▶ To do:
Copy word for word the lines of the records below, beginning at the one with "Kleines politisches Wörterbuch" and finishing at the one with "Oral hygiene, mouthwash, brush, whitening: true", ends included, but none of the pictures.

▶ Material provided:
^^^^^^^^^^^^^^^^

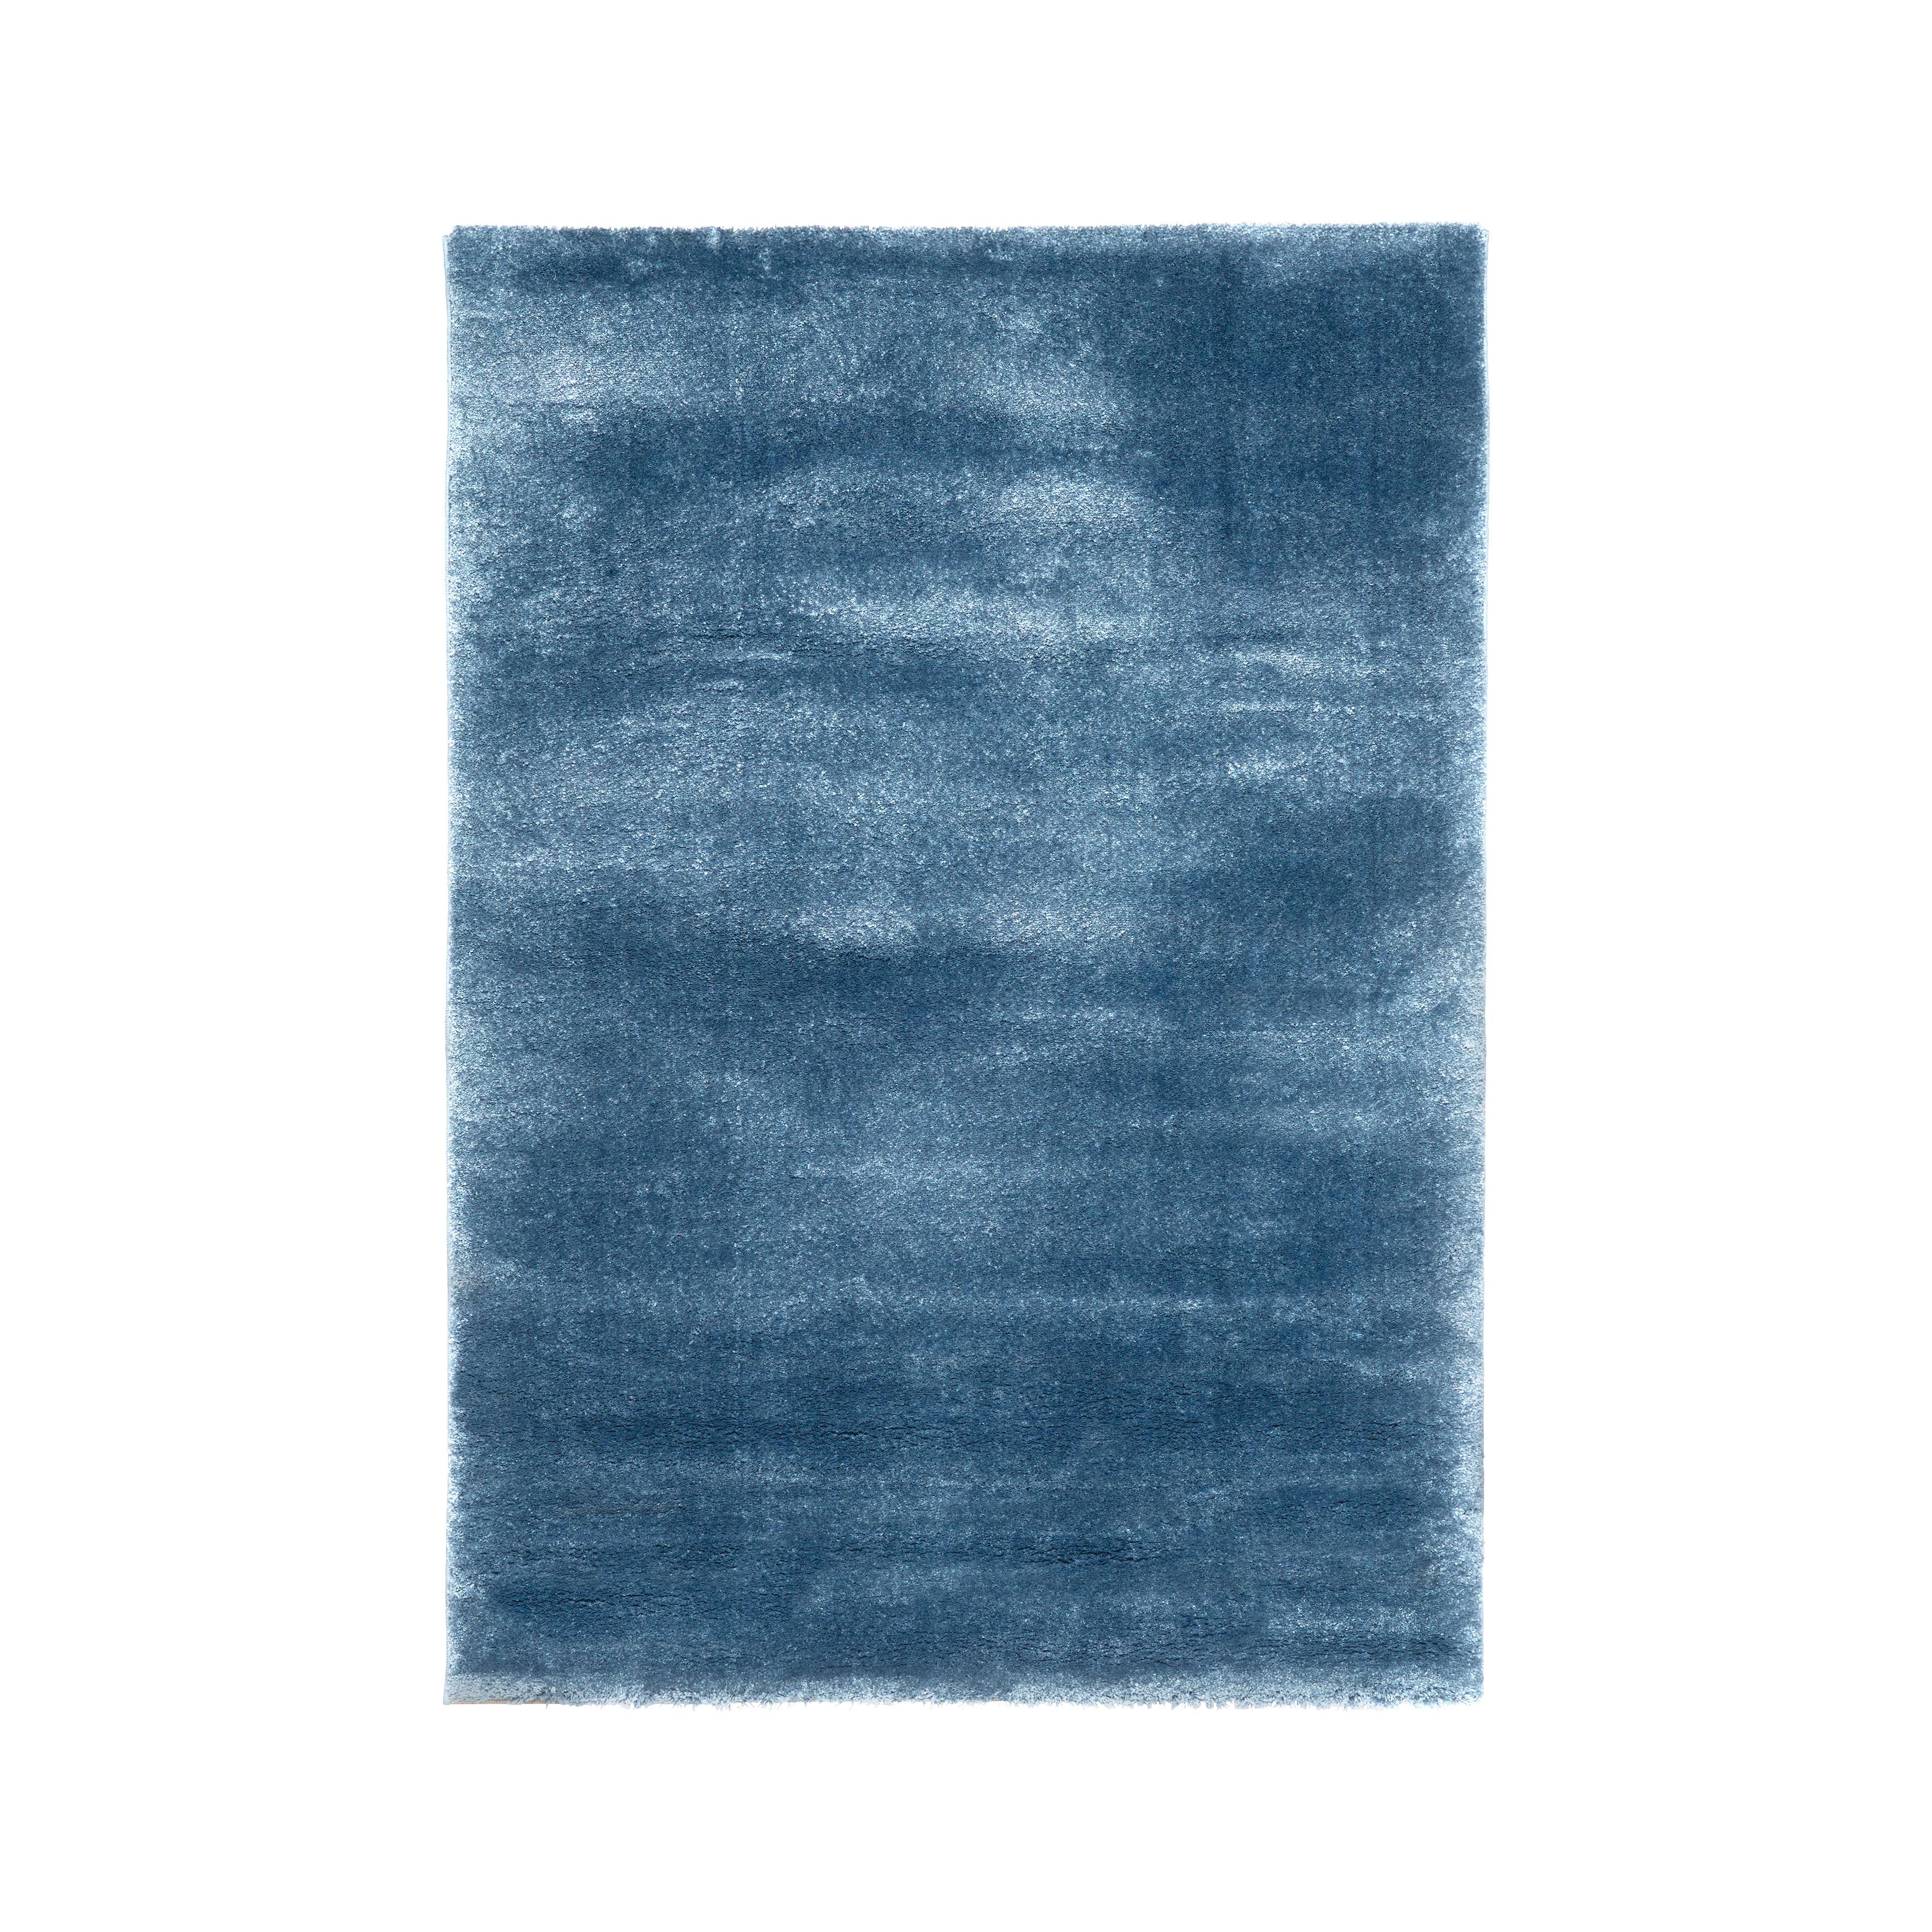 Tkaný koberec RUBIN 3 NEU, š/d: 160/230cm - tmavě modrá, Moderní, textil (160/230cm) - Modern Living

^^^^^^^^^^^^^^^^

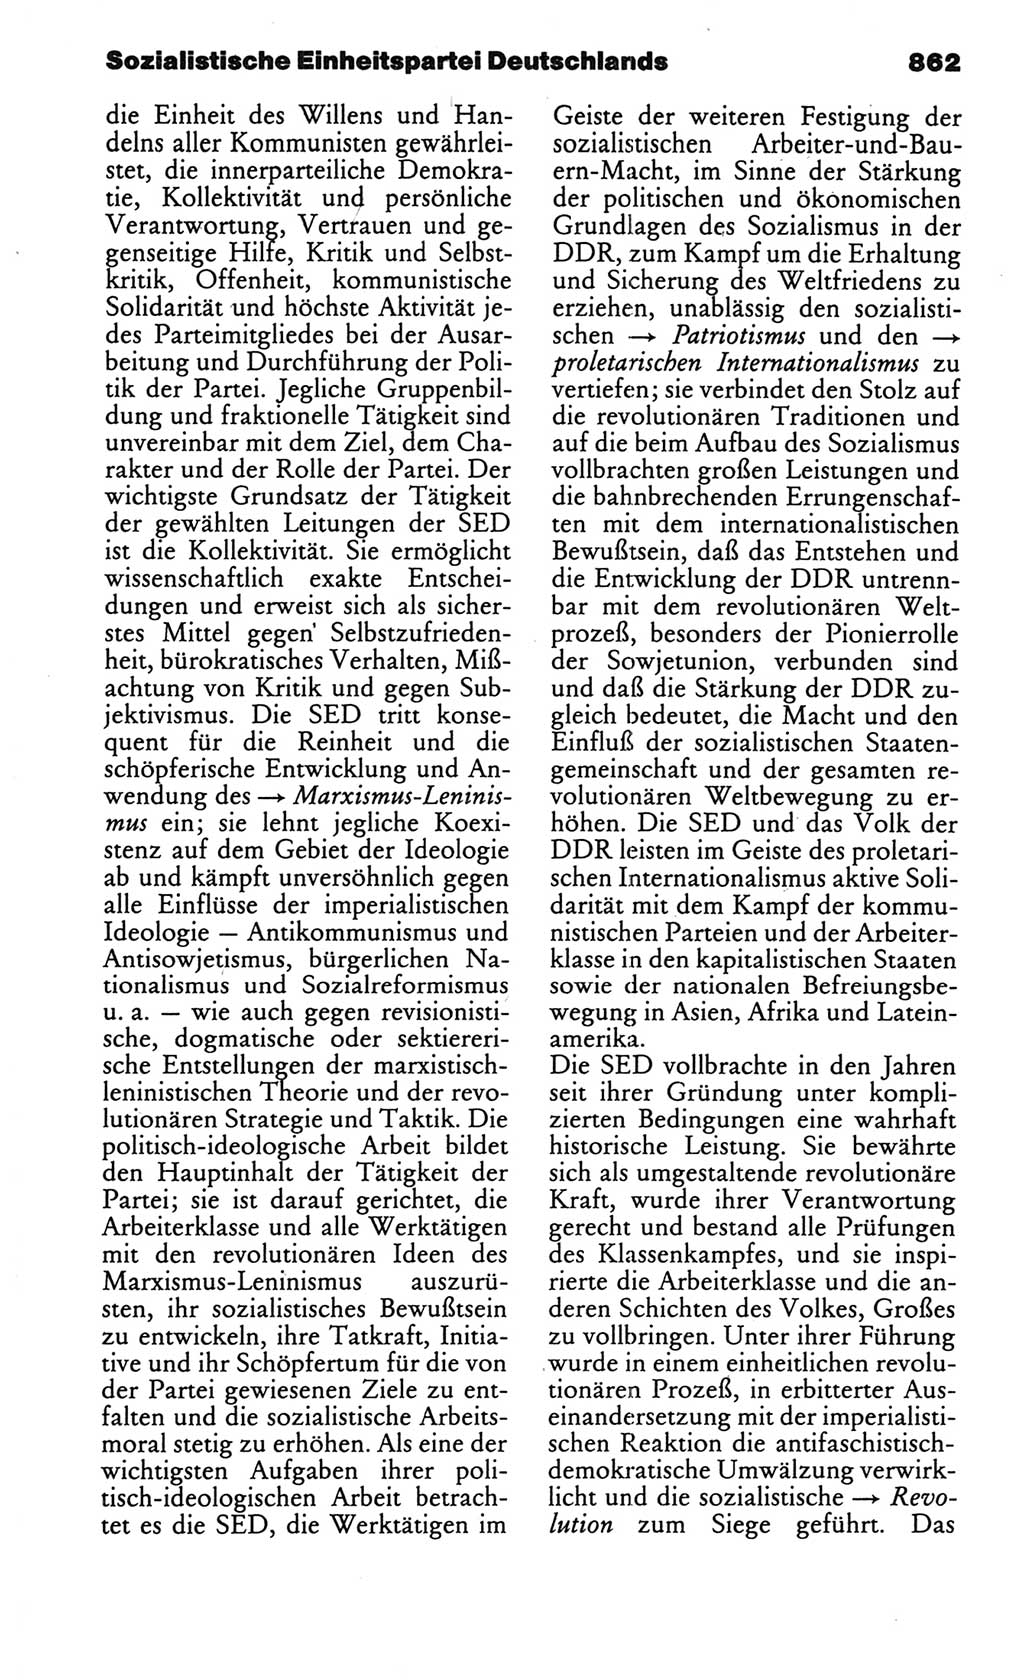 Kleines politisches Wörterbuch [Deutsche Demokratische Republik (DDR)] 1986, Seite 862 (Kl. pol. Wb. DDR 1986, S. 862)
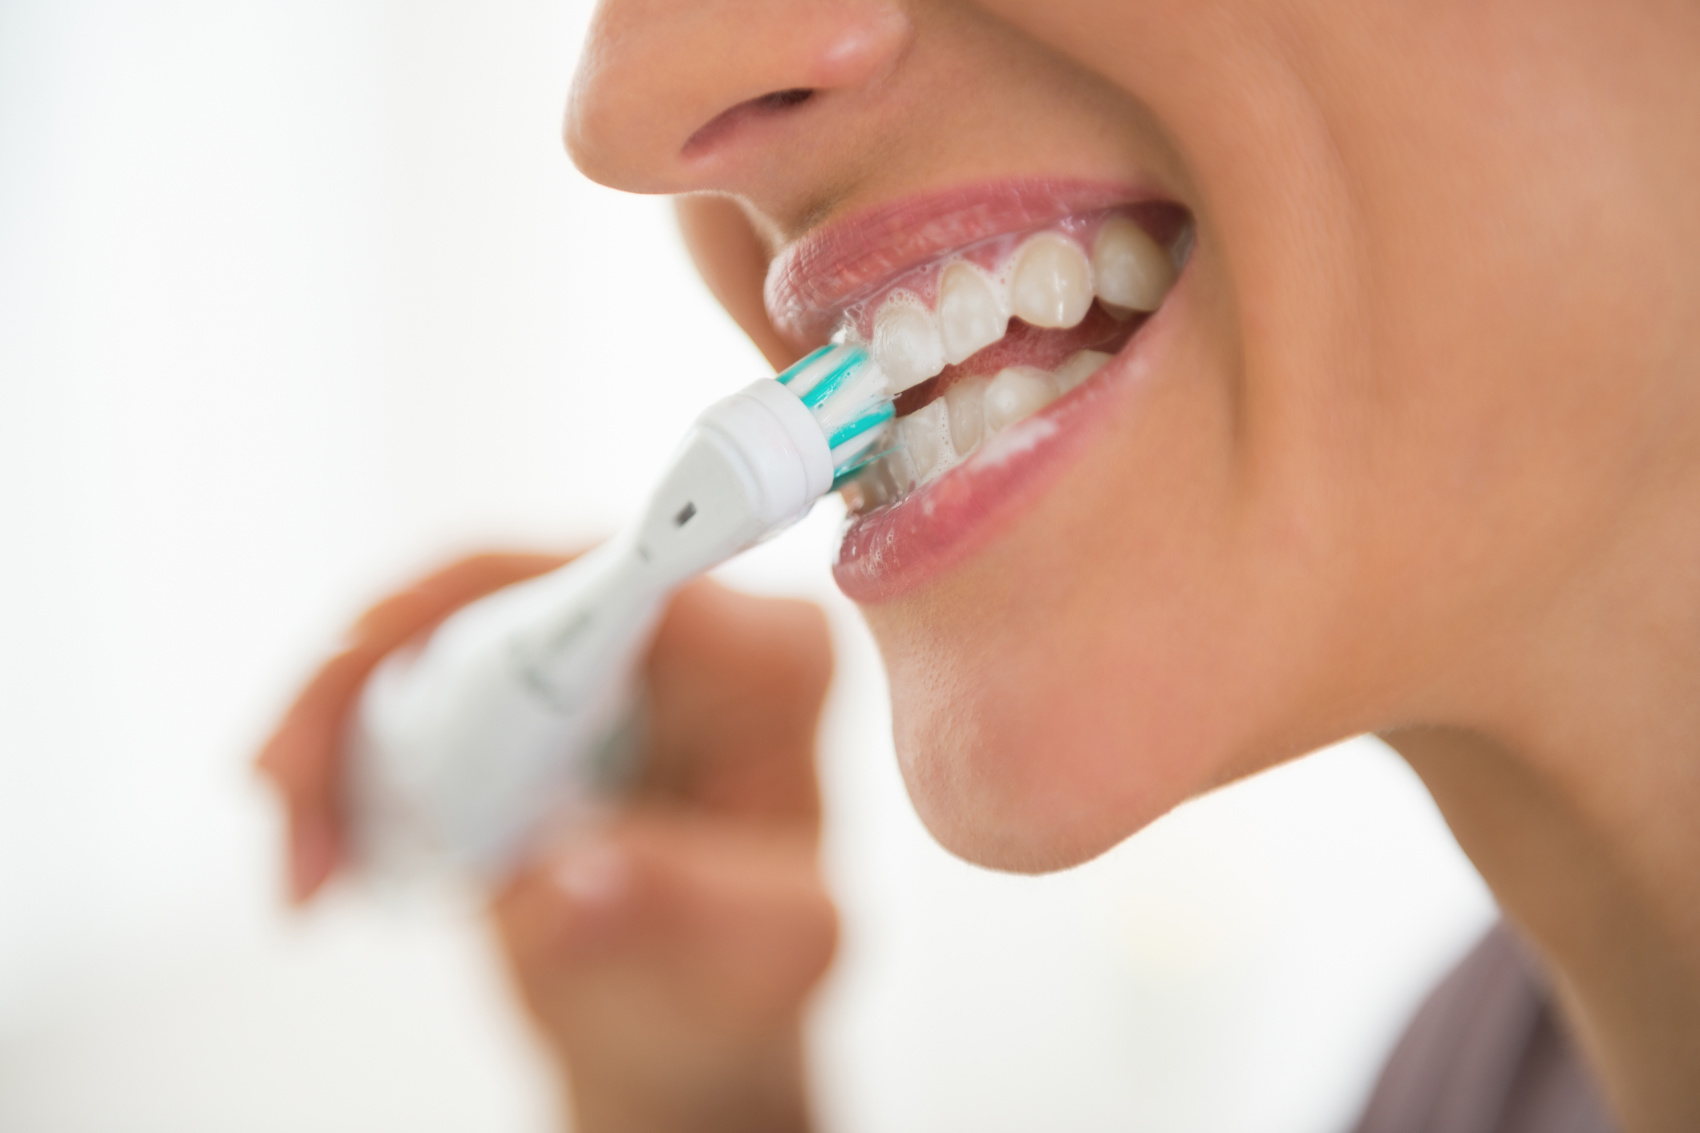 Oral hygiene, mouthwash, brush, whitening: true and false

^^^^^^^^^^^^^^^^

▶ Task output:
 Kleines politisches Wörterbuch [Deutsche Demokratische Republik (DDR)] 1986, Seite 862 (Kl. pol. Wb. DDR 1986, S. 862)
 Oral hygiene, mouthwash, brush, whitening: true and false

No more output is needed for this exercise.